[EXERCISE DATA]
--- START ---

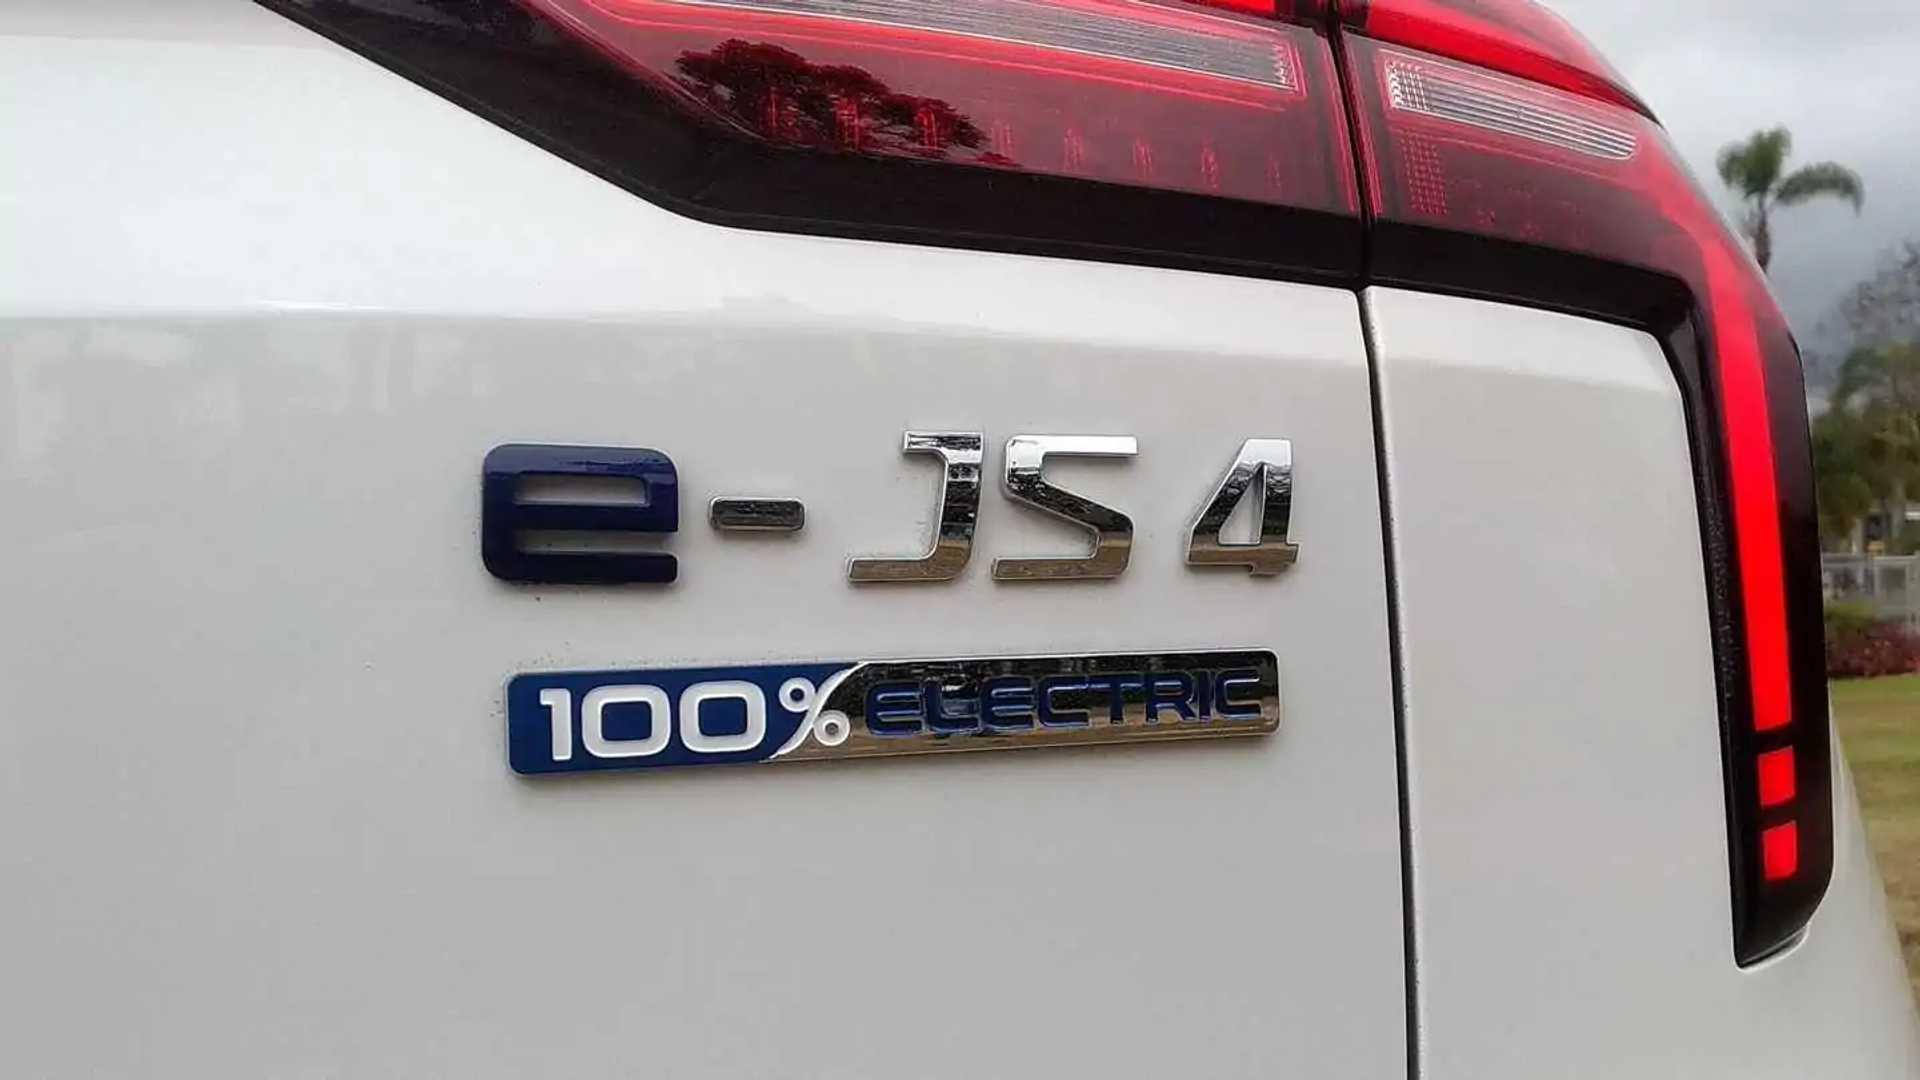 https://cdn.motor1.com/images/mgl/pKz4r/s6/jac-e-js4---test-drive-5-logo.jpg
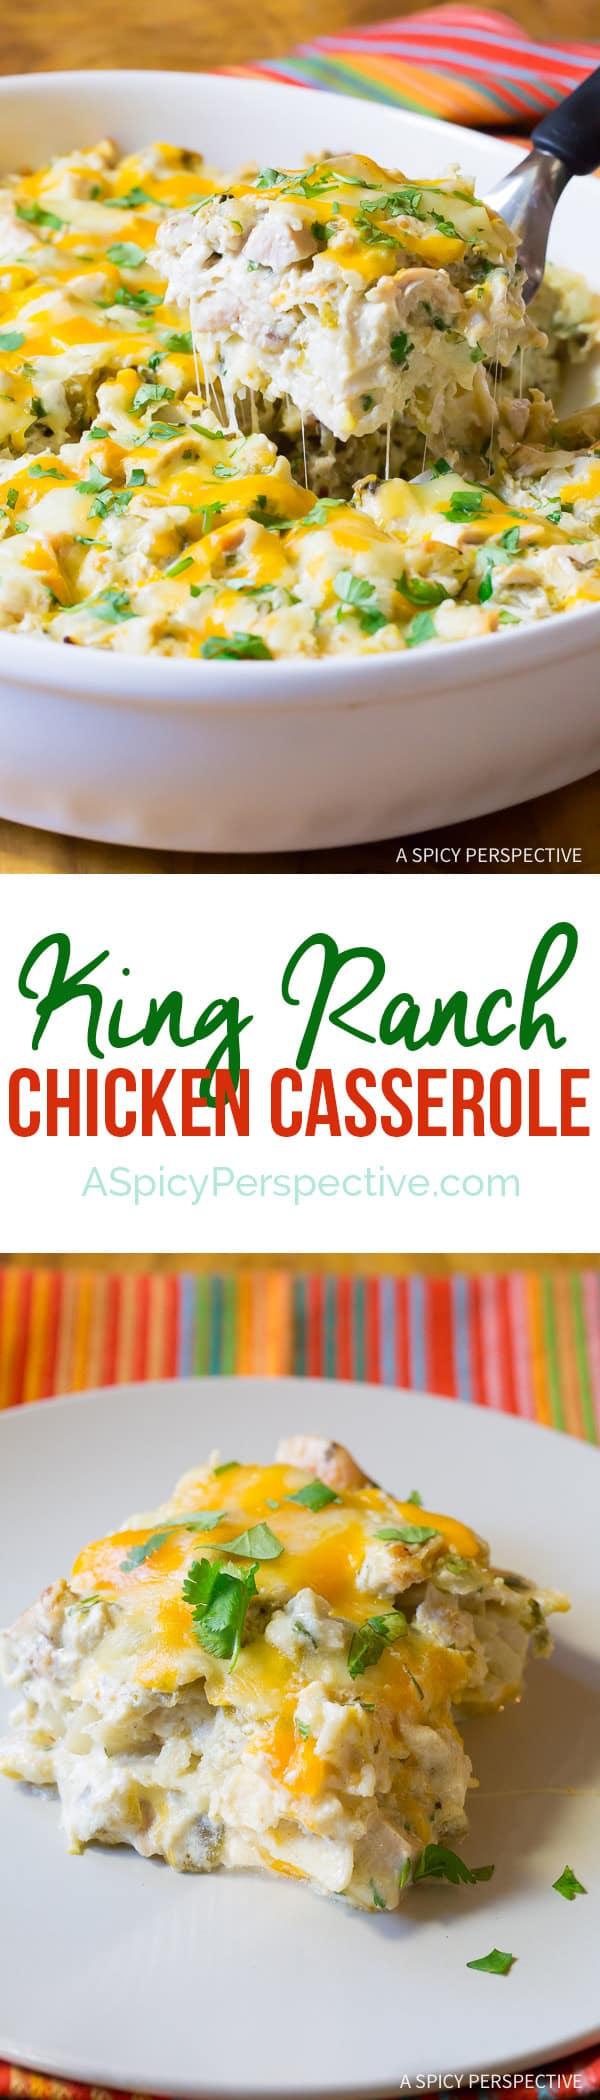 Cheesy Zesty King Ranch Chicken Casserole Recipe | ASpicyPerspective.com
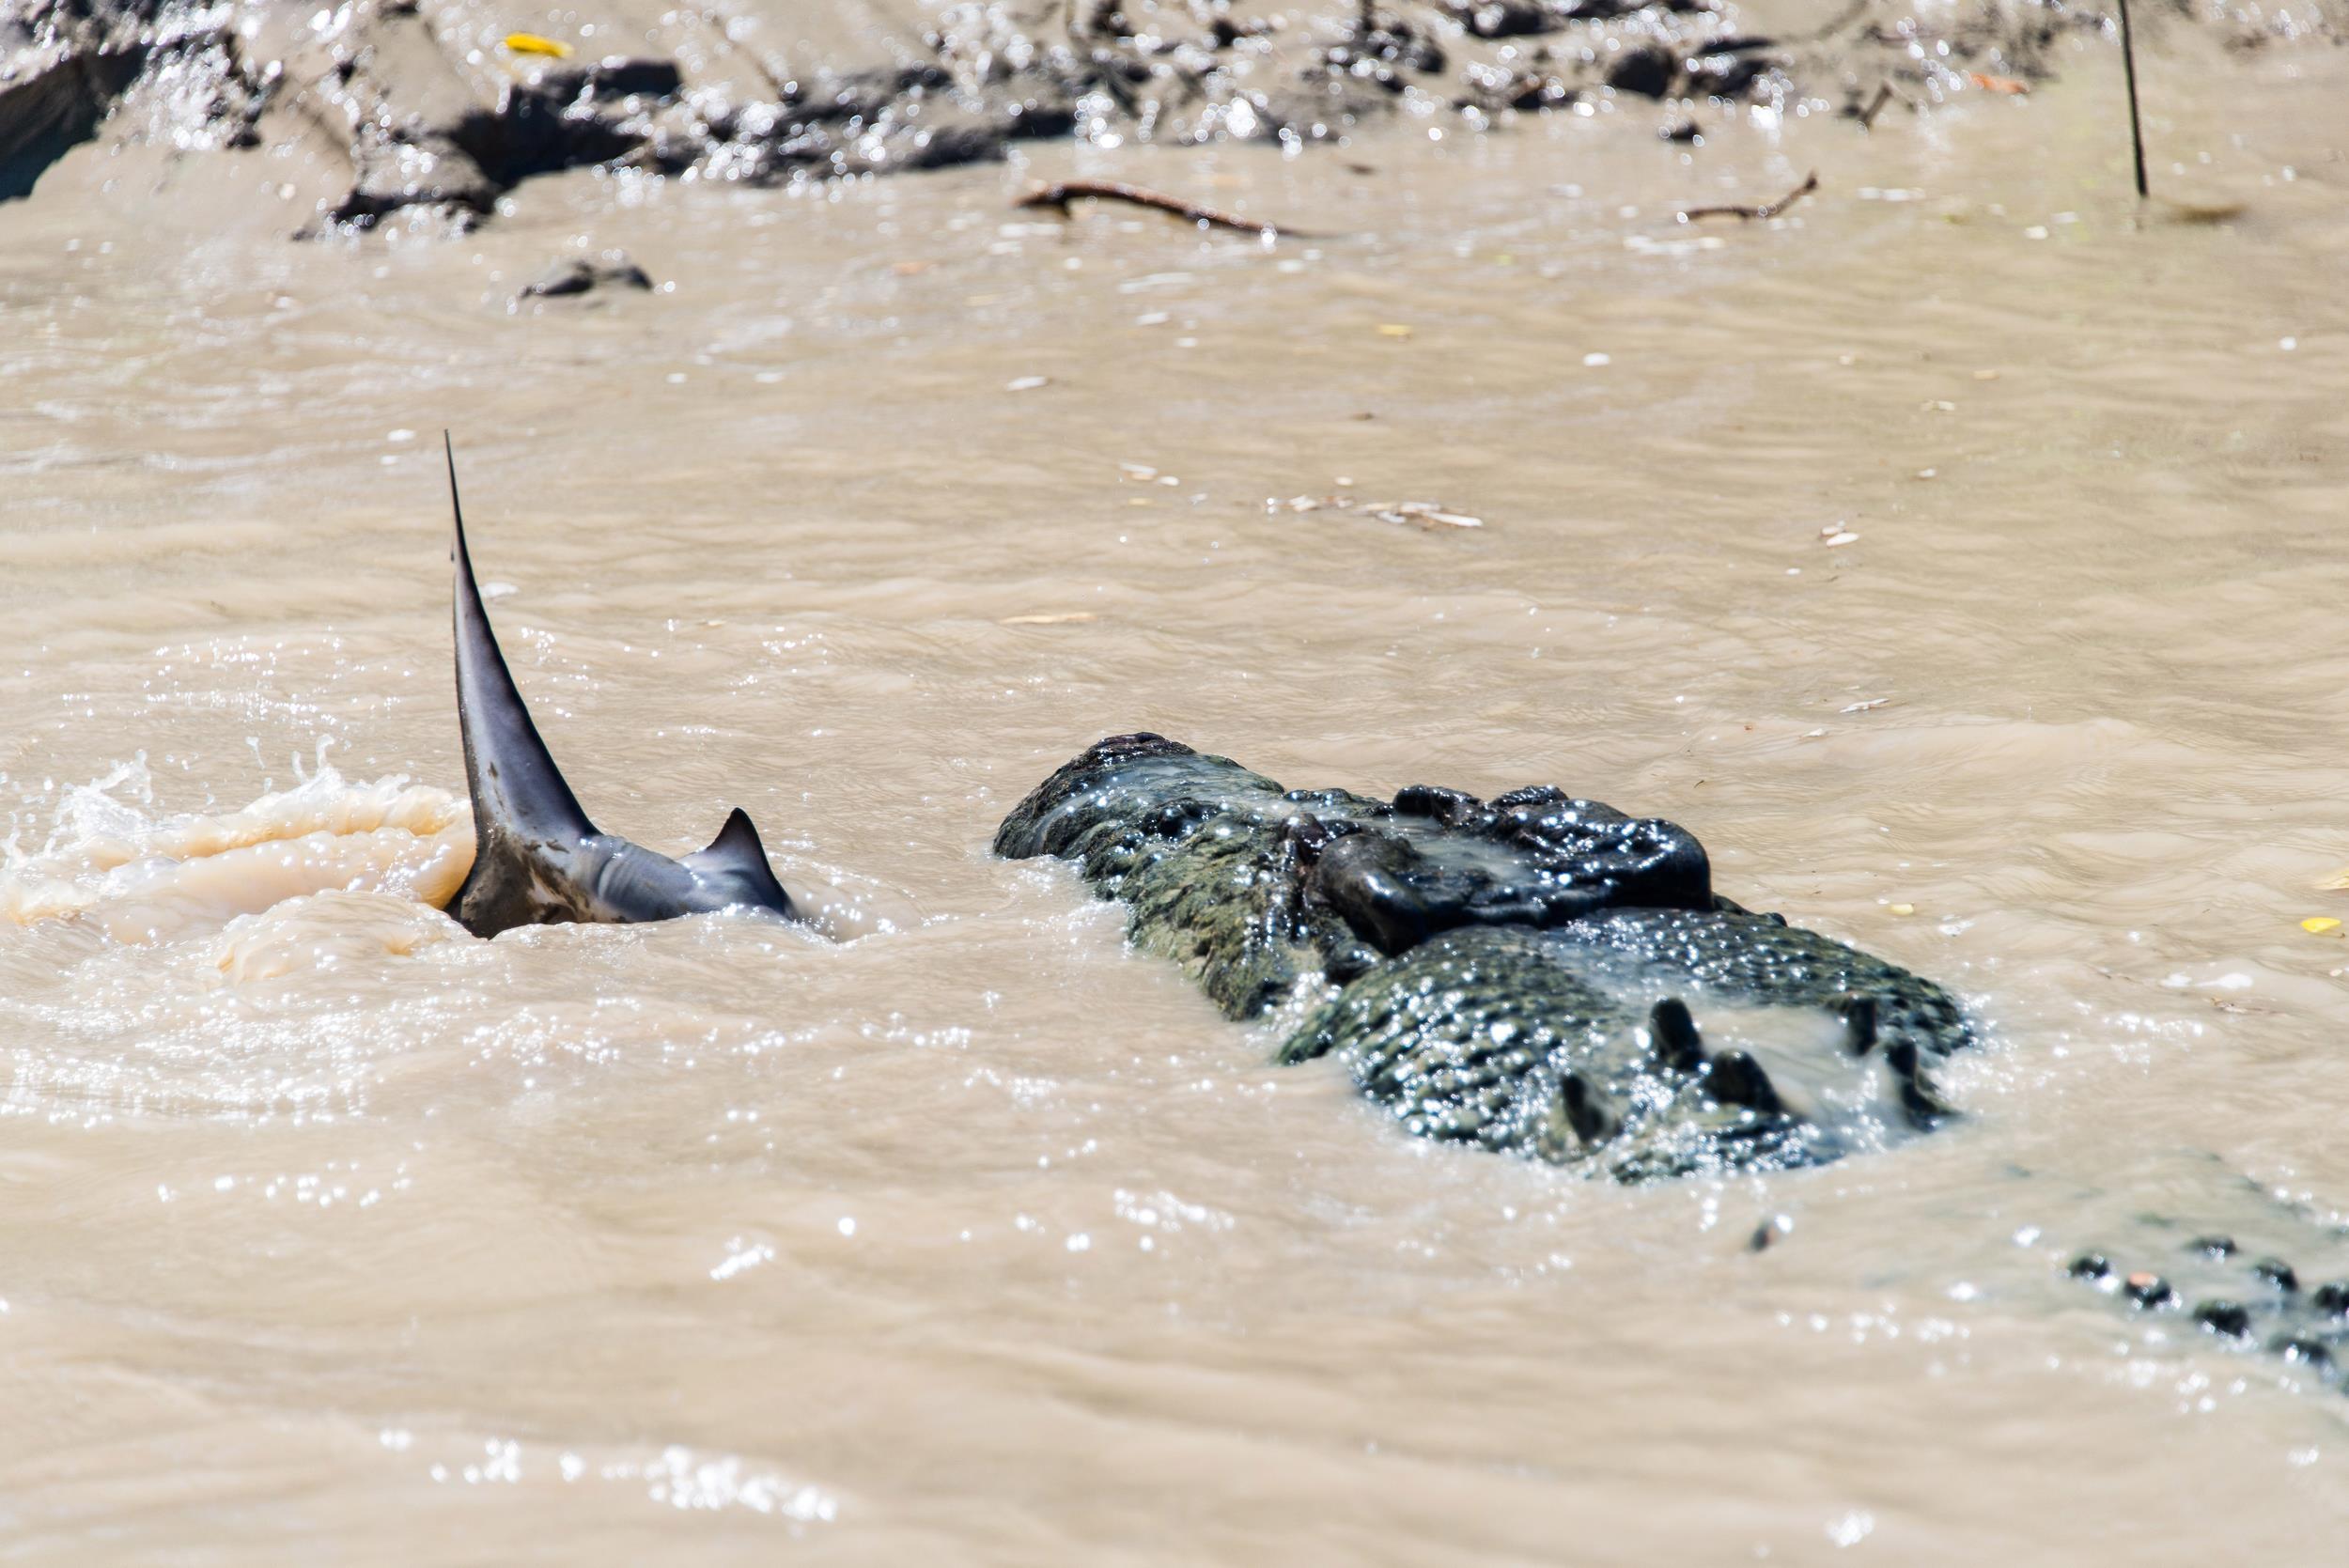 Alligator vs shark attacks - photo#7
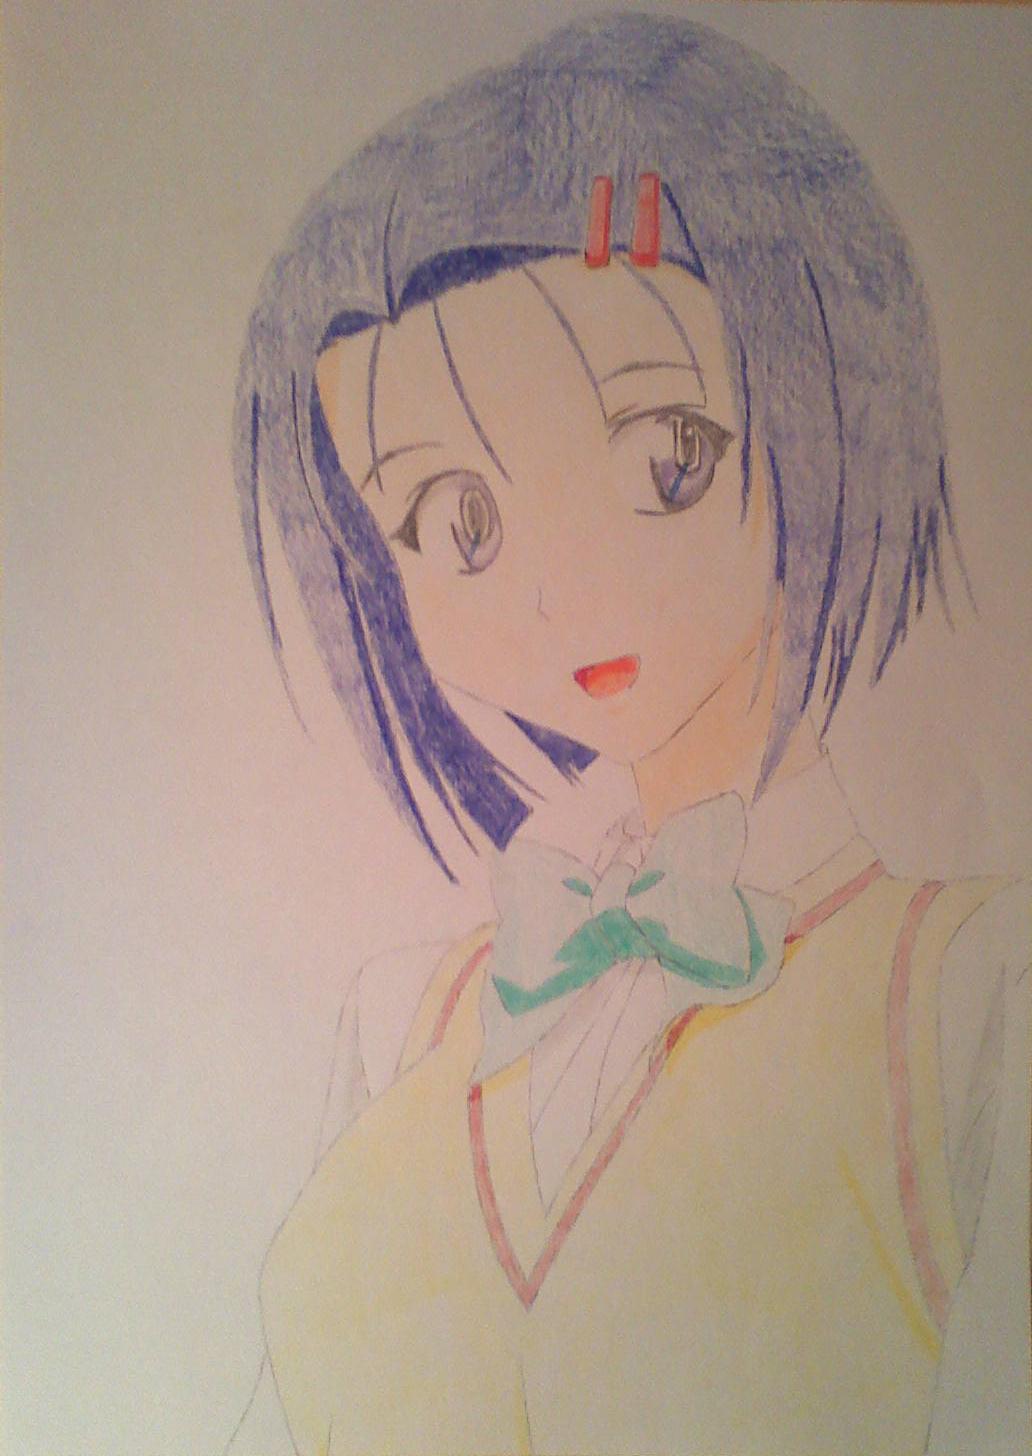 http://fc06.deviantart.net/fs51/f/2009/297/f/0/Haruna_Sairenji_by_arsinoe47.jpg

--- END ---

Restate word for word only the lines from the one with "Alligator vs shark attacks - photo#7" through the last line of the material, both included. Any picture should be left out.

 Alligator vs shark attacks - photo#7
 http://fc06.deviantart.net/fs51/f/2009/297/f/0/Haruna_Sairenji_by_arsinoe47.jpg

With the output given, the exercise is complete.